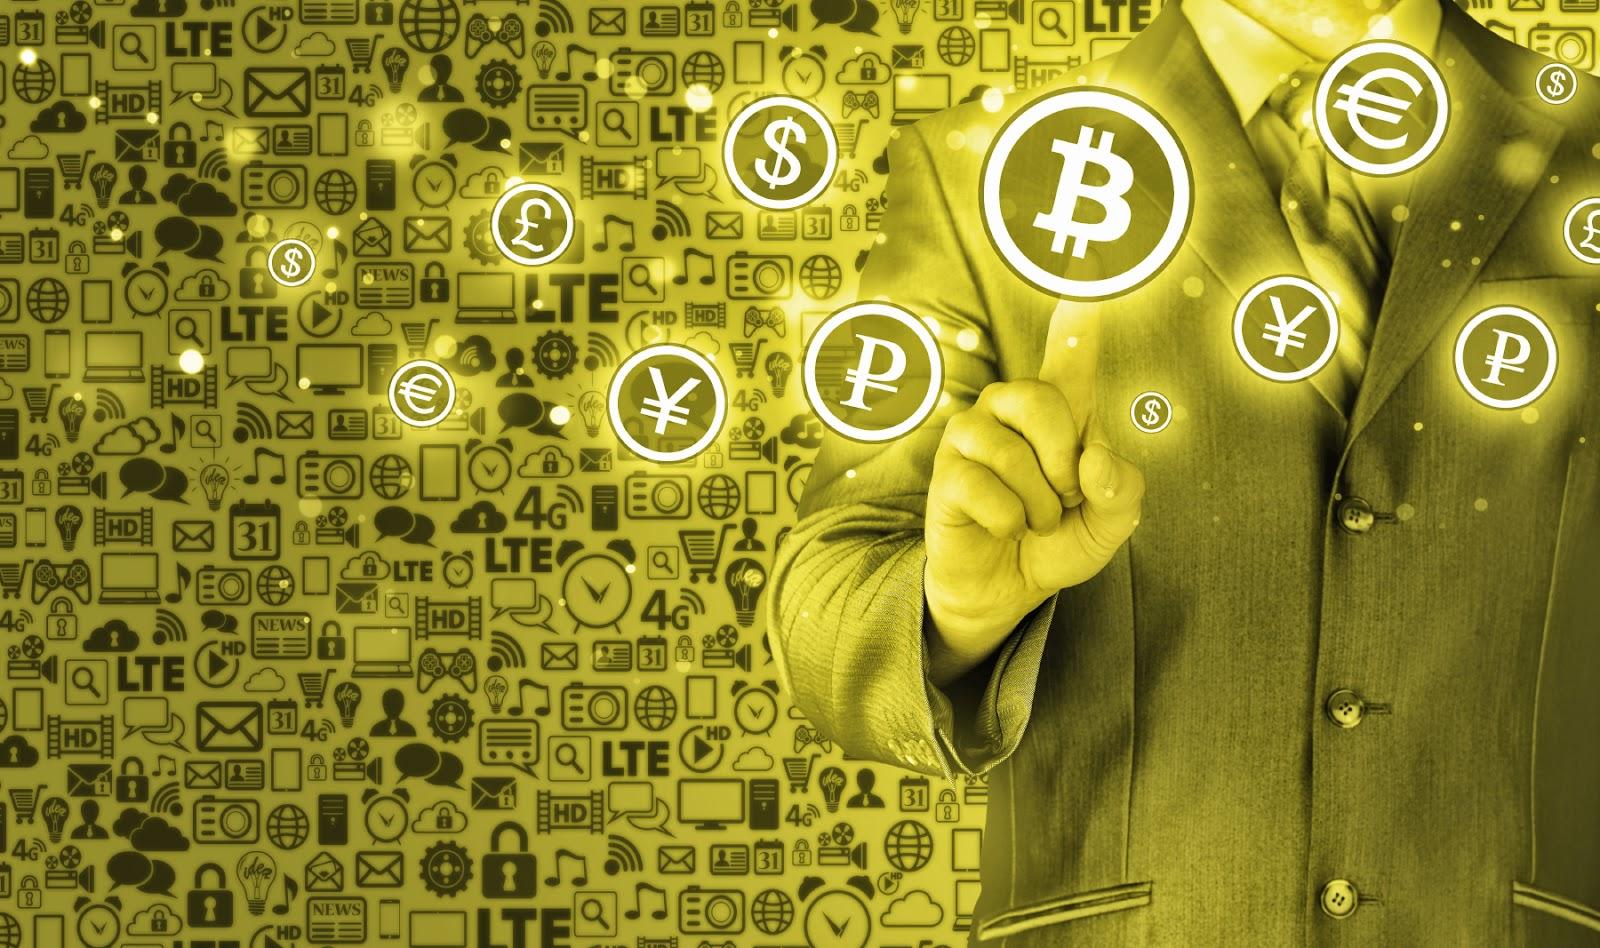 Почему криптовалюту выгодно обменивать именно на сайтах-обменниках криптовалют?
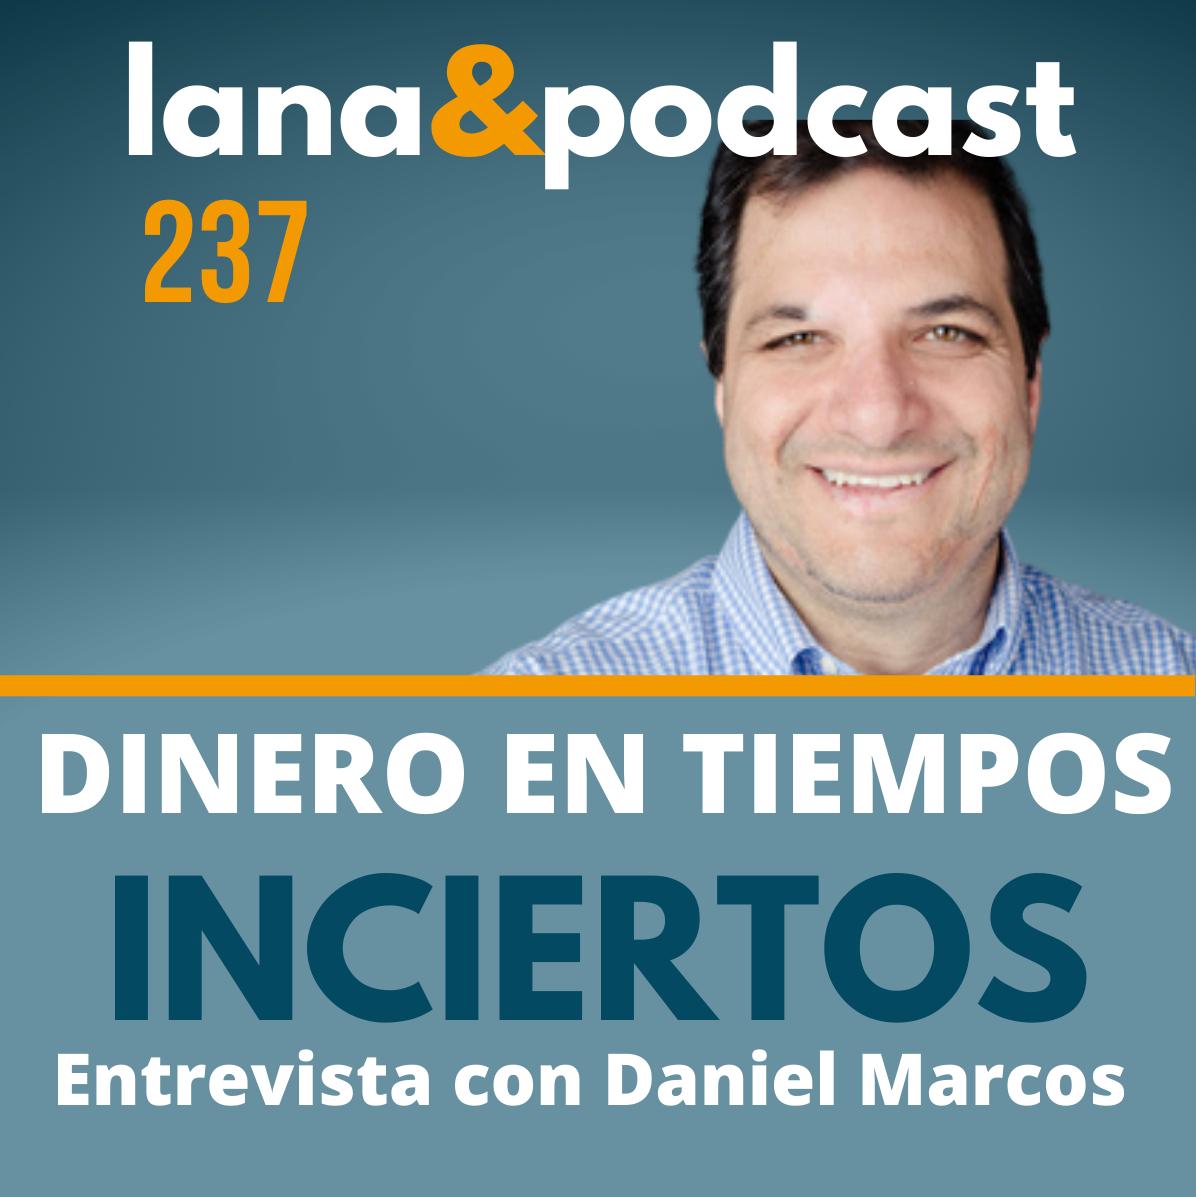 Cómo mejorar el manejo de dinero en tiempos inciertos. Entrevista con Daniel Marcos #237
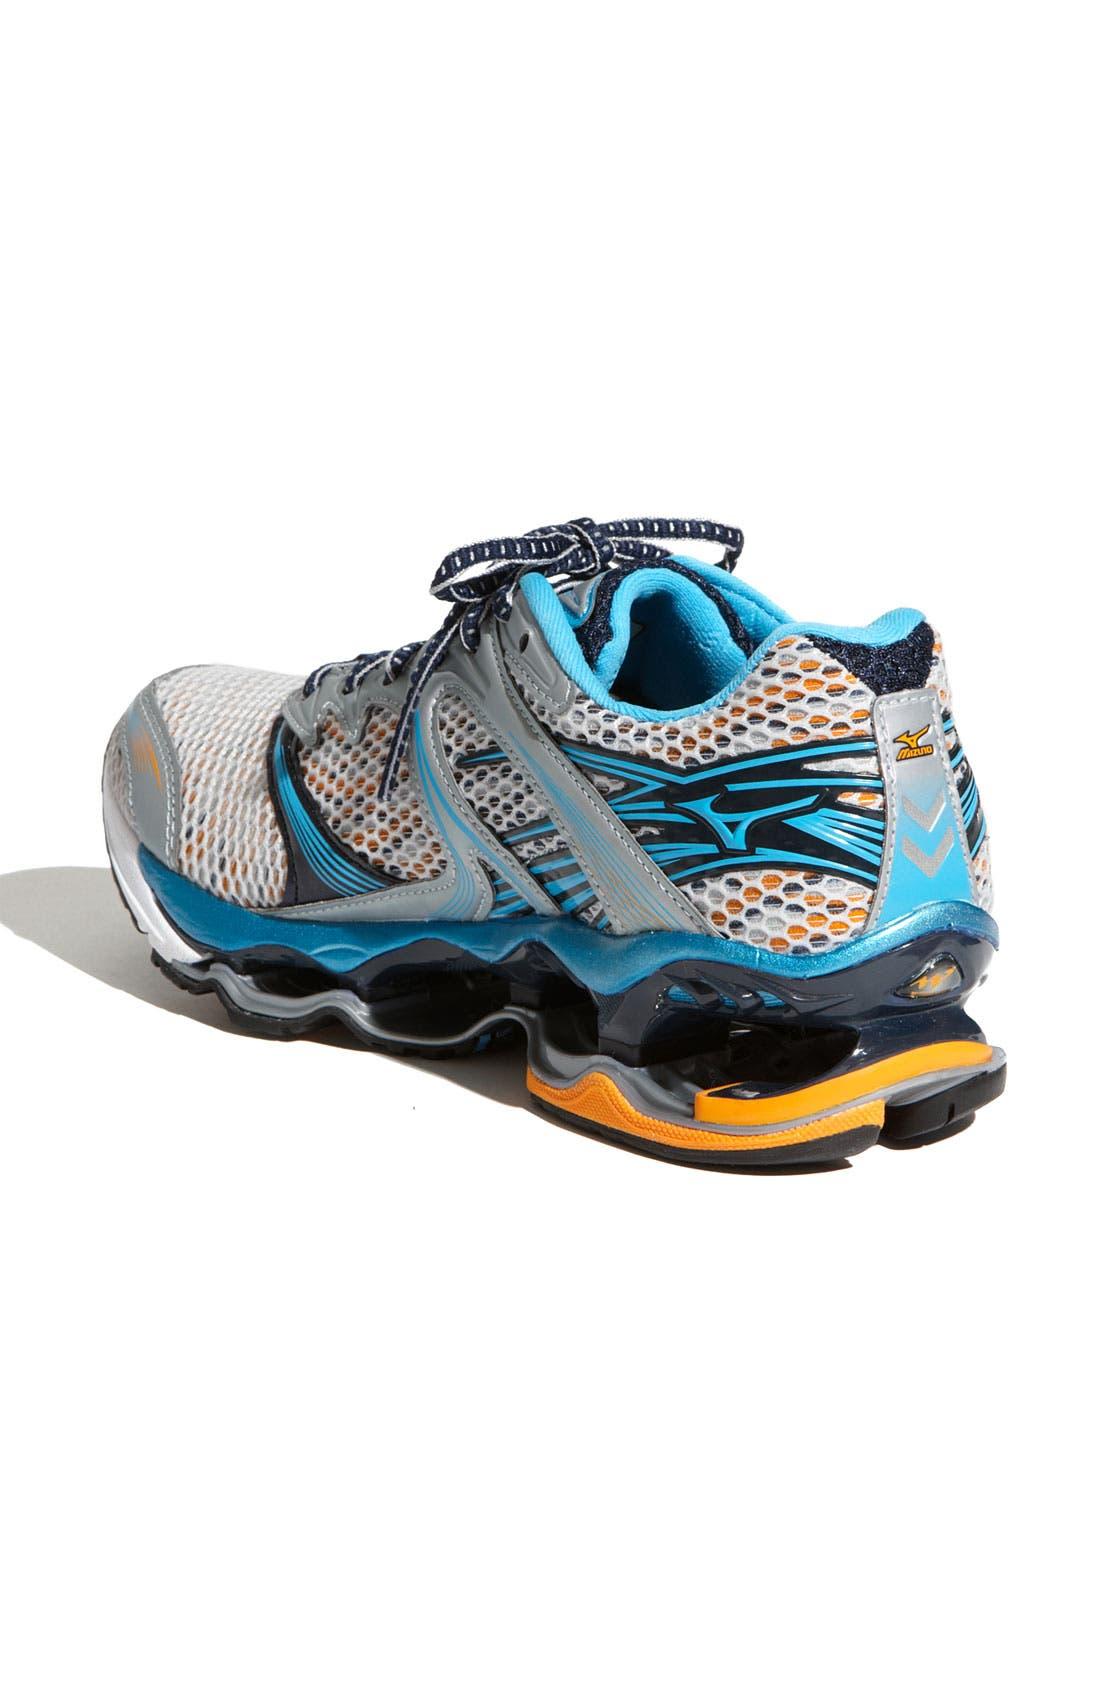 Alternate Image 2  - Mizuno 'Wave Prophecy' Running Shoe (Women) (Regular Retail Price: $199.95)

» **Work to complete**
Retype all of the material above exactly; the pictures stay out.

» **Solved exercise**
 Почему криптовалюту выгодно обменивать именно на сайтах-обменниках криптовалют?
 Cómo mejorar el manejo de dinero en tiempos inciertos. Entrevista con Daniel Marcos #237
 Alternate Image 2  - Mizuno 'Wave Prophecy' Running Shoe (Women) (Regular Retail Price: $199.95)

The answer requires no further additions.